President Houari Boumediène wrote in the magazine of the National Mujahideen Organization on the occasion of the 22nd anniversary of the outbreak of the War of National Liberation: “We are on the eve of great radical transformations where revolutionary legitimacy will be crowned by constitutional legitimacy and where organic complementarity between State and Revolution will be achieved. As activists, it is our duty to our people to fully grasp the meaning of their enthusiasm for the National Charter and to translate into reality the hopes they have in this document.
If the National Charter is the ideological instrument of the Socialist Revolution in Algeria, the Constitution is one of the vectors necessary for the realization of the first. Fundamental law of the Republic, the draft Constitution grants numerous articles to fundamental freedoms and human and citizen rights and sets out a set of rules which will henceforth govern relations between the State and citizens.
As in the National Charter, the National Liberation Front Party is called upon to intervene closely in the conduct of the nation's affairs, as demanded by the people as a whole.

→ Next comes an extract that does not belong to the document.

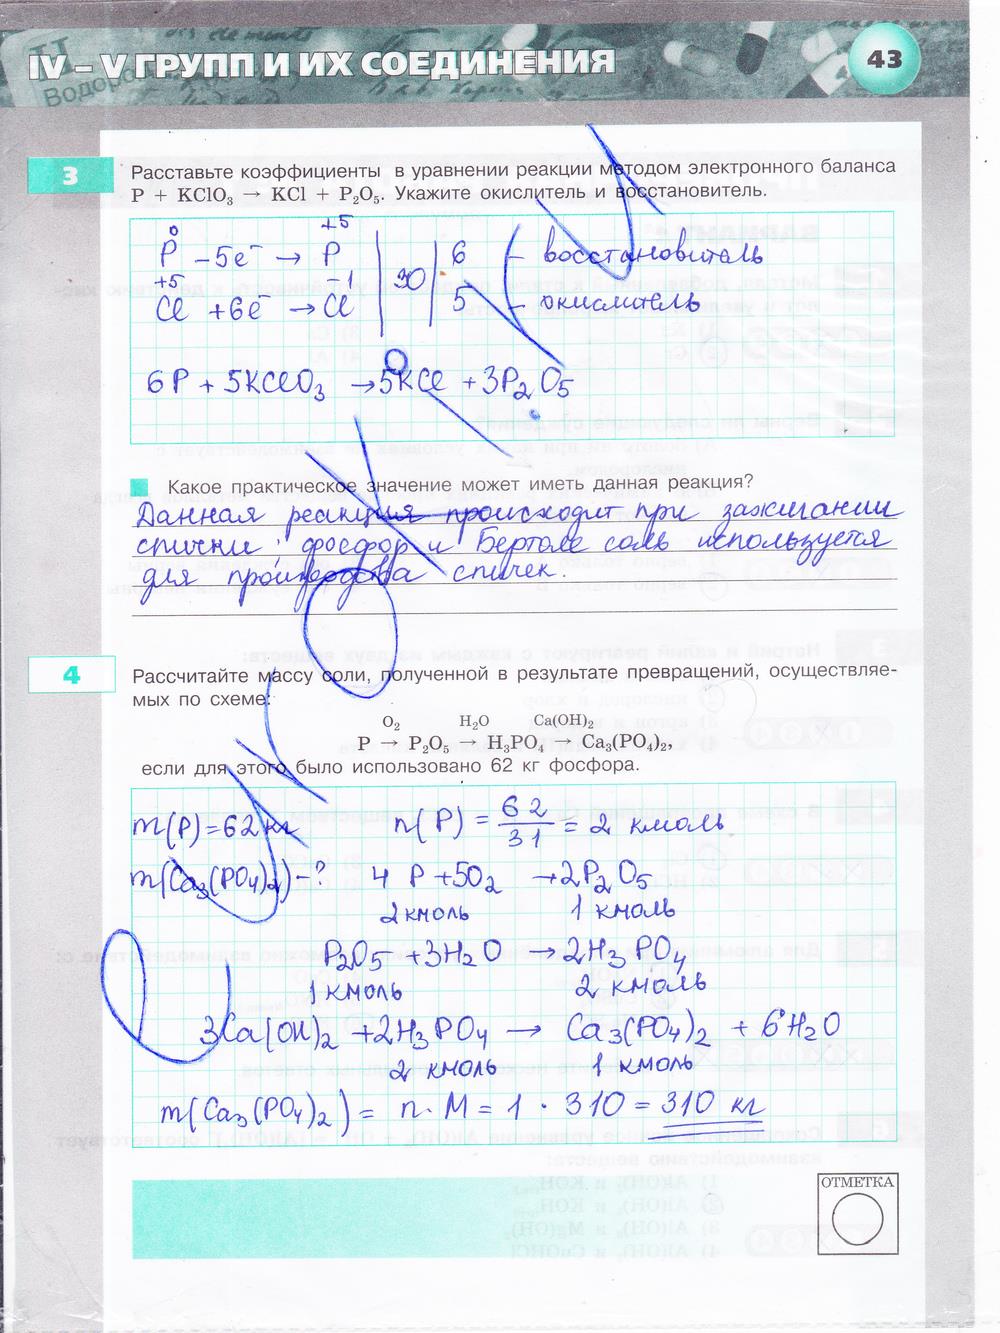 гдз 9 класс тетрадь-экзаменатор страница 43 химия Бобылева, Бирюлина
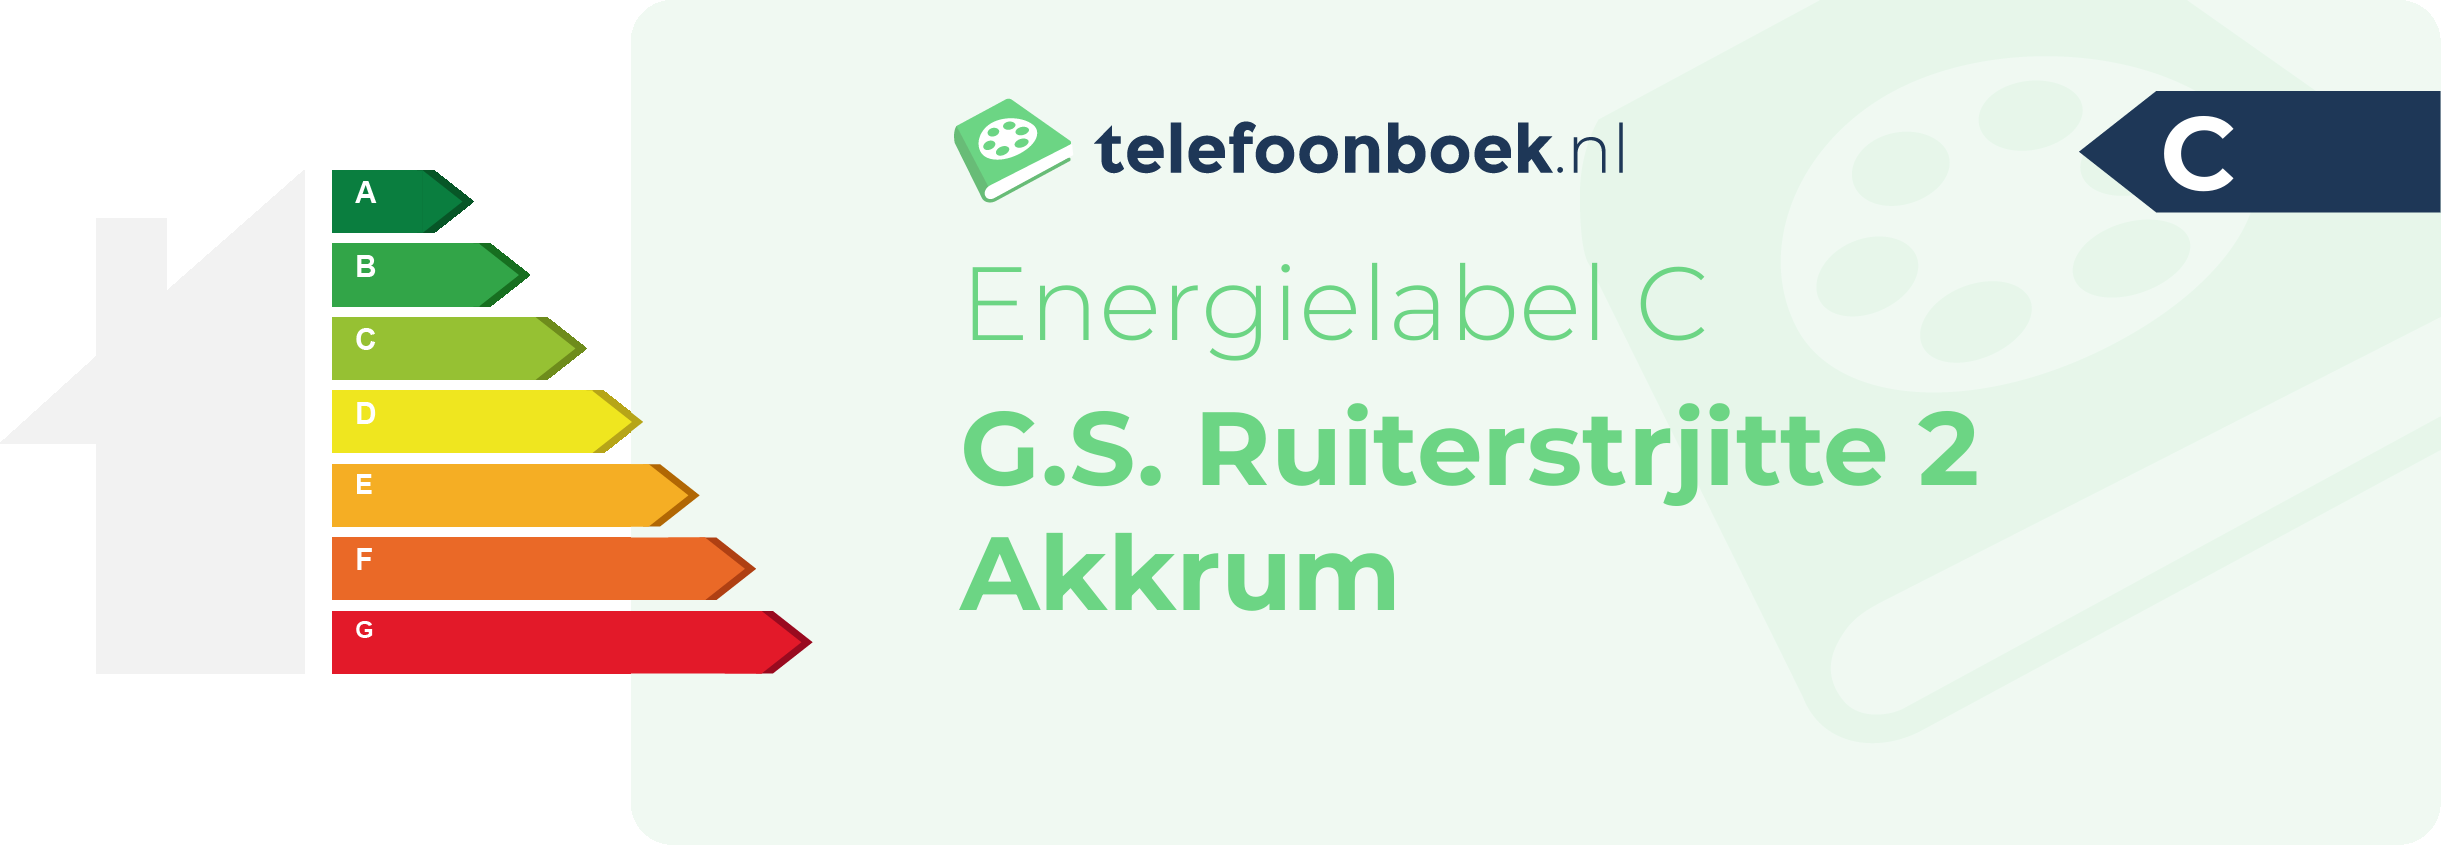 Energielabel G.S. Ruiterstrjitte 2 Akkrum

Studied in an overall process, going from the centuries-old resistance of the Algerian people to the immediate present of Algeria, the Constitution appears as the logical result of a multifaceted action. Like many other achievements, the fundamental law of the Republic should be considered as a major step, a new victory in the long struggle of the Algerian people for their liberation, to which the next profound changes will contribute, such as the election of the President of the Republic by direct universal suffrage and the establishment of the National People's Assembly.